Después de los brutales crímenes de 1969 de la Familia Manson, en esencia dos grupos principales de asesinatos -entre otros delitos gravísimos- que involucraron a la residencia del matrimonio de Leno y Rosemary LaBianca y a todos los ocupantes del lujoso inmueble donde habitaba Sharon Tate, por entonces embarazada de ocho meses y medio, a lo largo de Hollywood se extendieron el miedo y la paranoia al punto de que generarían a posteriori, junto con otros factores variopintos más, el nihilismo del cine de los 70 y un breve período histórico que fetichizó el tópico de la magia negra y los cultos satánicos y homicidas con enigmáticas intenciones, de esas que asustan a los burgueses porque no tienen nada que ver con la razón, dejan de lado las máscaras de afabilidad y sobre todo ponen en primer plano la codicia y la sed demente de poder que subyacen en todas las sociedades contemporáneas.
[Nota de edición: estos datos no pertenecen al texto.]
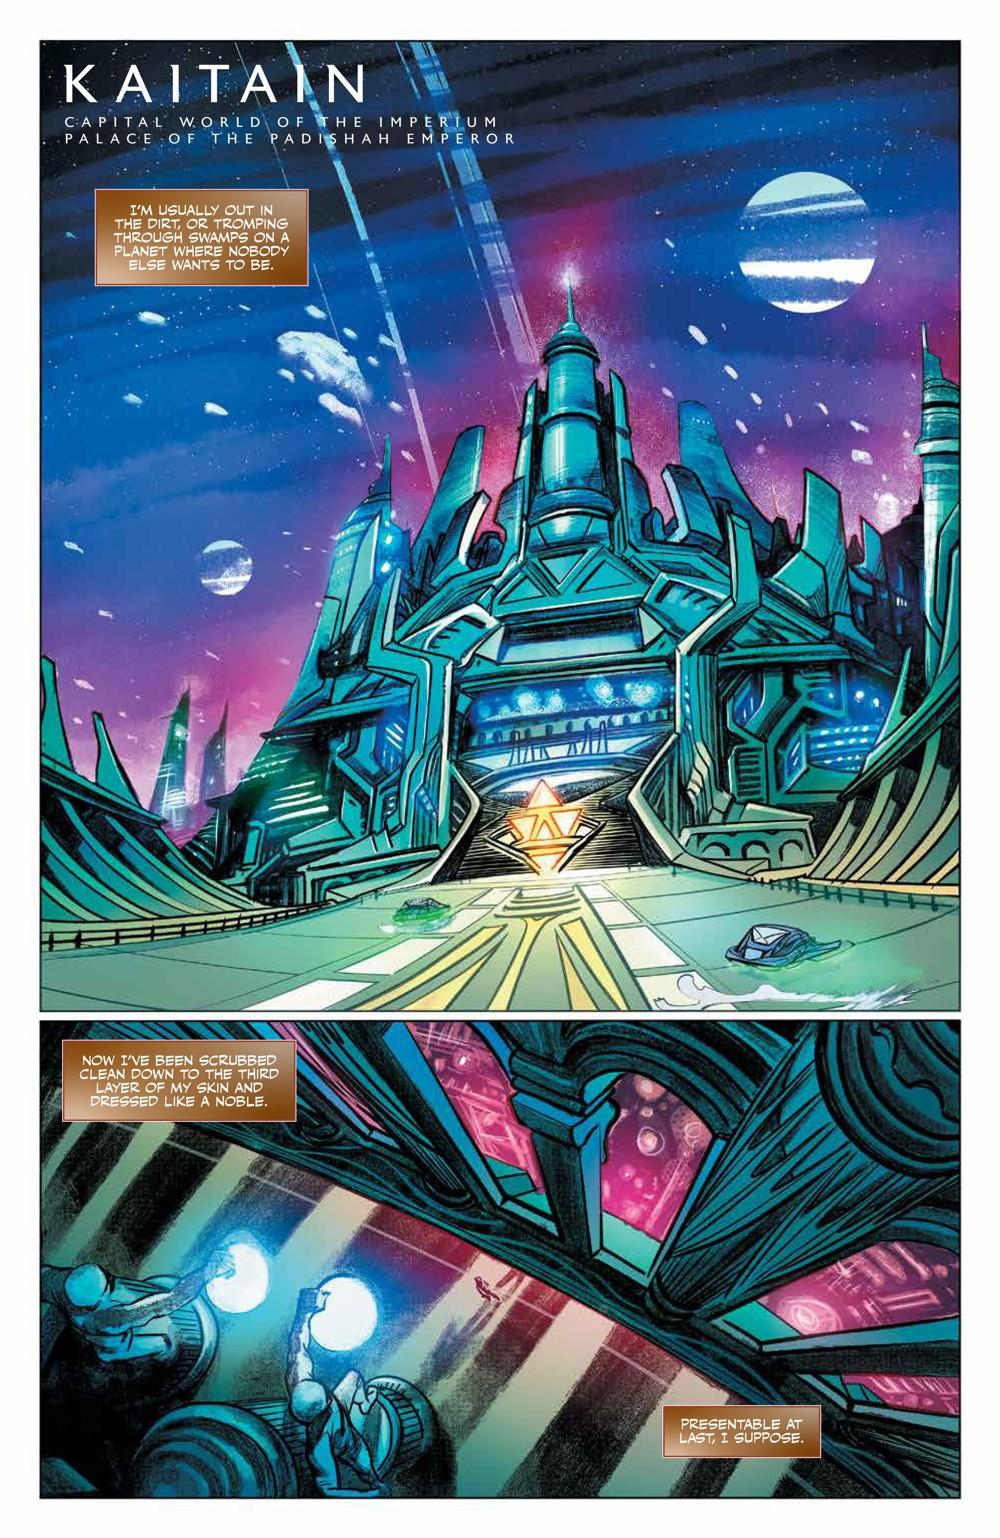 Dune_HouseAtreides_v1_HC_PRESS_13 ComicList Previews: DUNE HOUSE ATREIDES VOLUME 1 HC

Un típico representante de la época que nos ocupa es El Vals de Mefisto (The Mephisto Waltz, 1971), recordado film de Paul Wendkos que muchas veces se suele reducir a su más que evidente condición de rip-off, reinterpretación o exploitation apenas disimulado de El Bebé de Rosemary (Rosemary’s Baby, 1968), la obra maestra de Roman Polanski, cuando en verdad la propuesta asimismo responde a esta etapa de transición en lo que respecta al imaginario internacional entre las utopías de transformación para mejor del hippismo, esas correspondientes a la segunda mitad de la década del 60, y el colapso subsiguiente de dichos sueños debido al contraataque represivo furioso de la derecha en todo el planeta, la reconversión de la militancia pacifista en violencia guerrillera y finalmente las sucesivas crisis políticas, económicas, culturales, financieras y sociales propias del capitalismo, el cual progresivamente fue dejando de lado al trabajo como núcleo fundamental para abrazar a una especulación y un maquiavelismo cada día más extendidos que en las pantallas fueron simbolizados bajo el ropaje de las conspiraciones, las mentiras, la seducción y los diversos “manejos en las sombras” de los acólitos de Mefistófeles y demás depravados del montón.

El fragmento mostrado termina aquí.